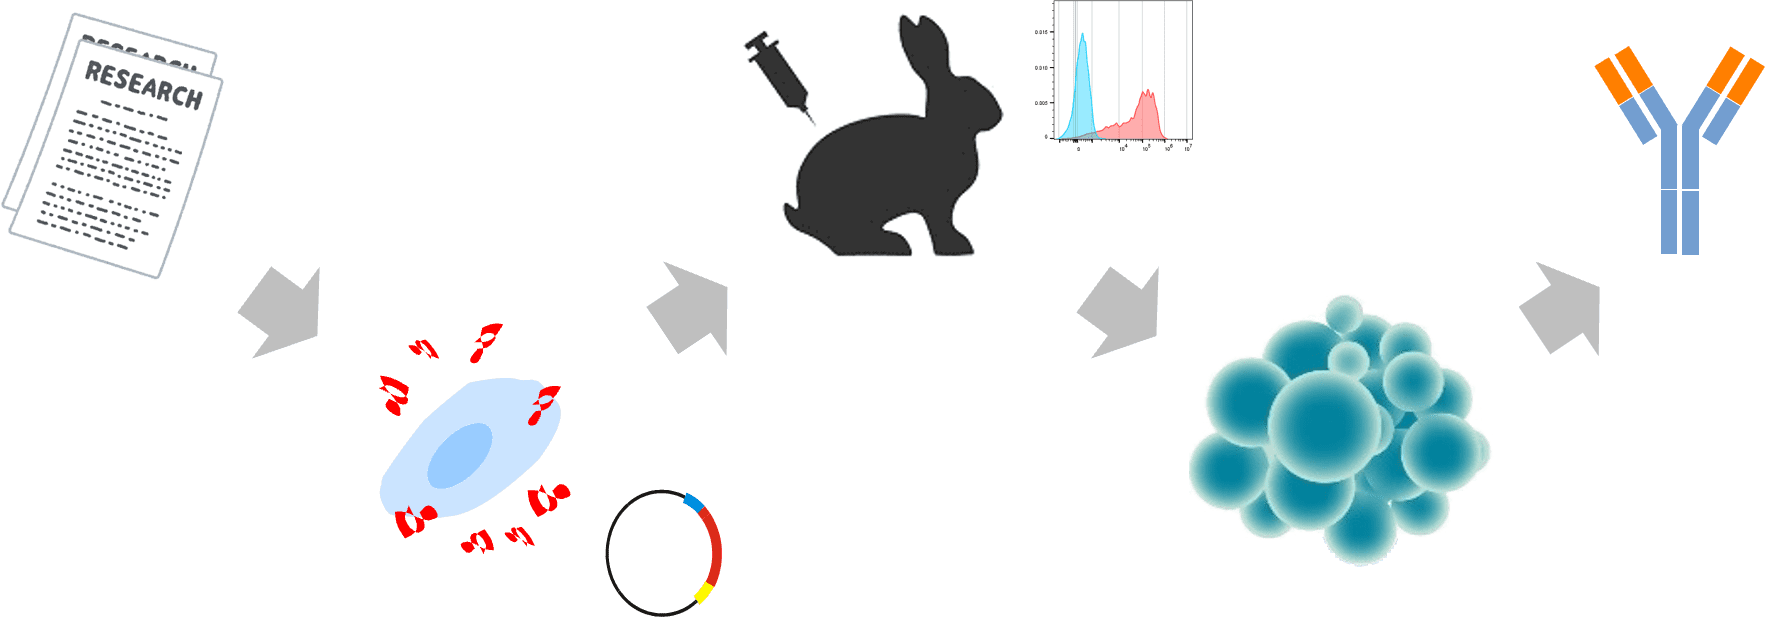 ウサギモノクローナル抗体作製イメージ図
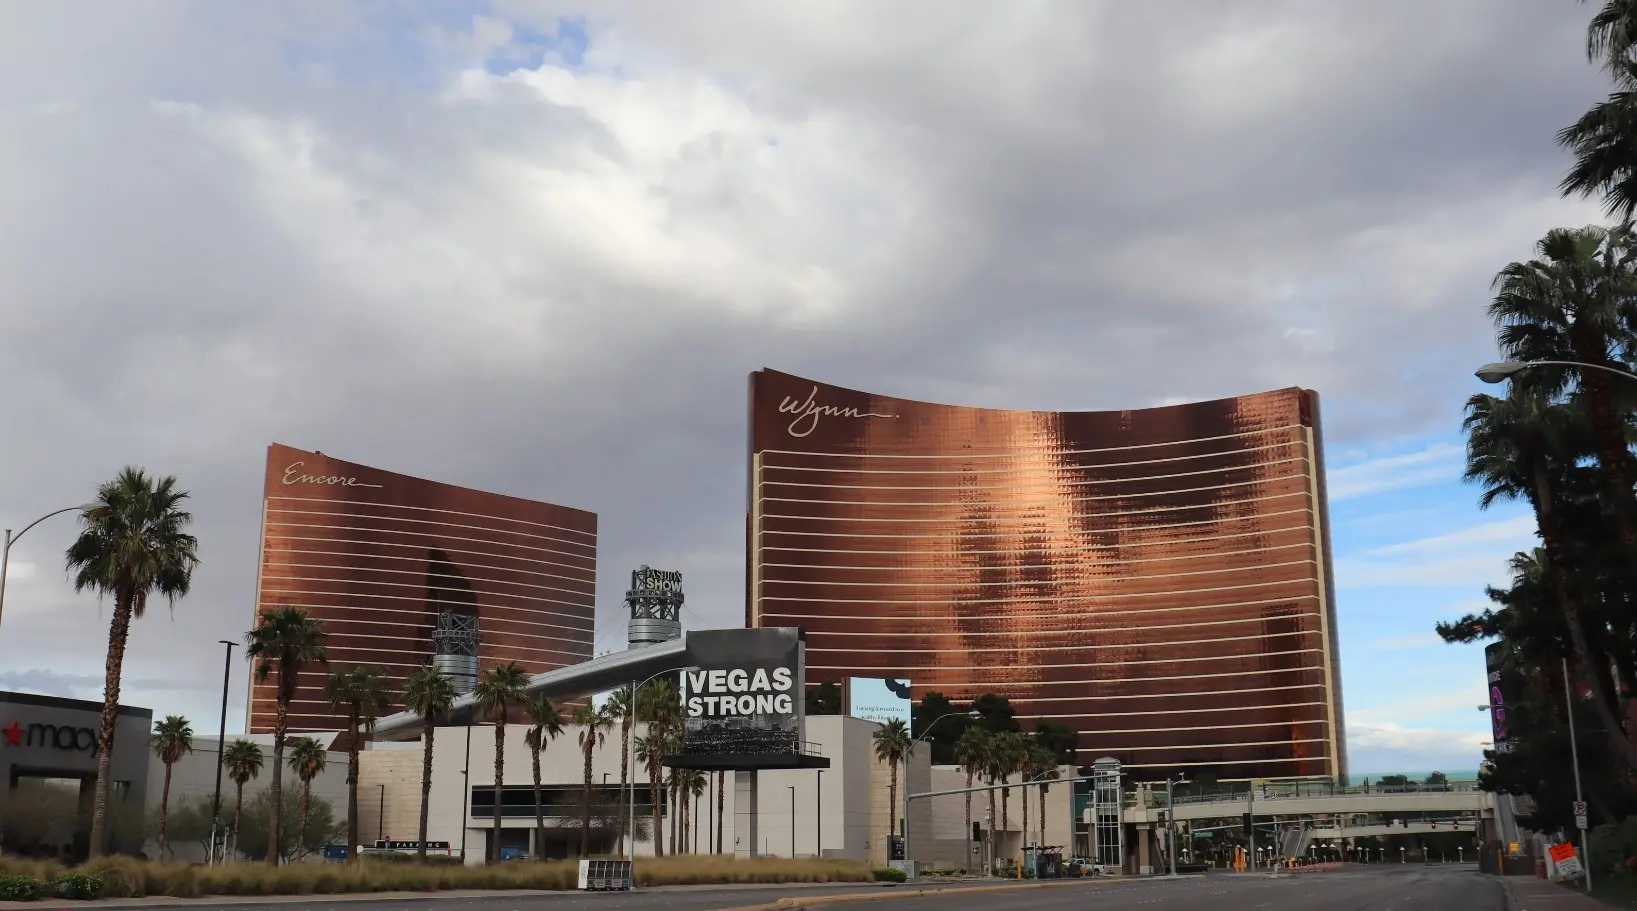 Wynn Las Vegas jogi csatara nez szembe a vedono tragikus jpg
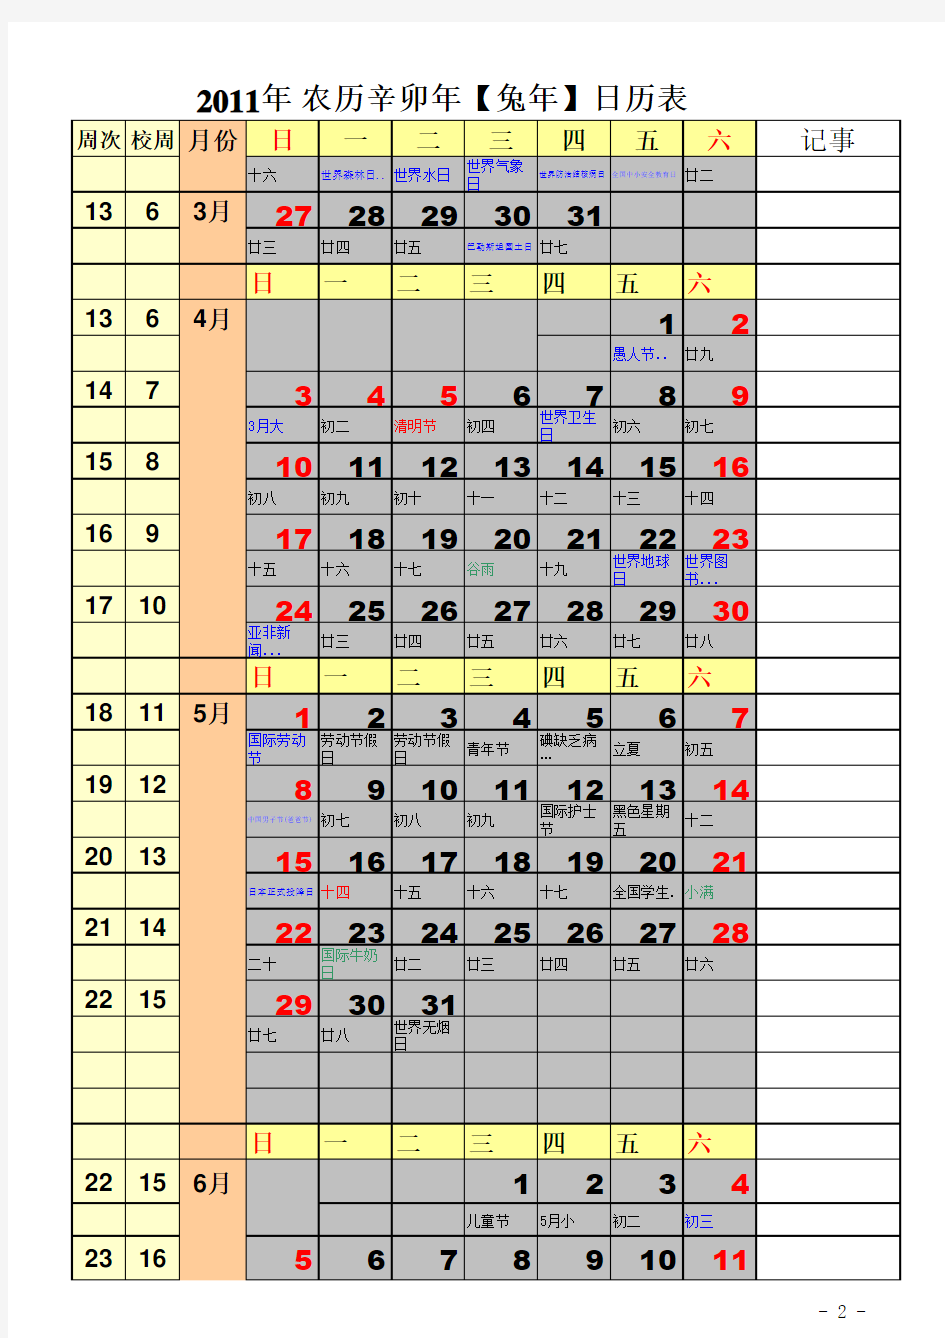 2011年全年日历表(校历)
________________________________________
**Task requirements**
Hand back exactly the lines from the one with "Wynn Las Vegas" through the last line of the data above, both ends included, with every picture left out.

**Answer for the task**
 Wynn Las Vegas jogi csatara nez szembe a vedono tragikus jpg
 2011年全年日历表(校历)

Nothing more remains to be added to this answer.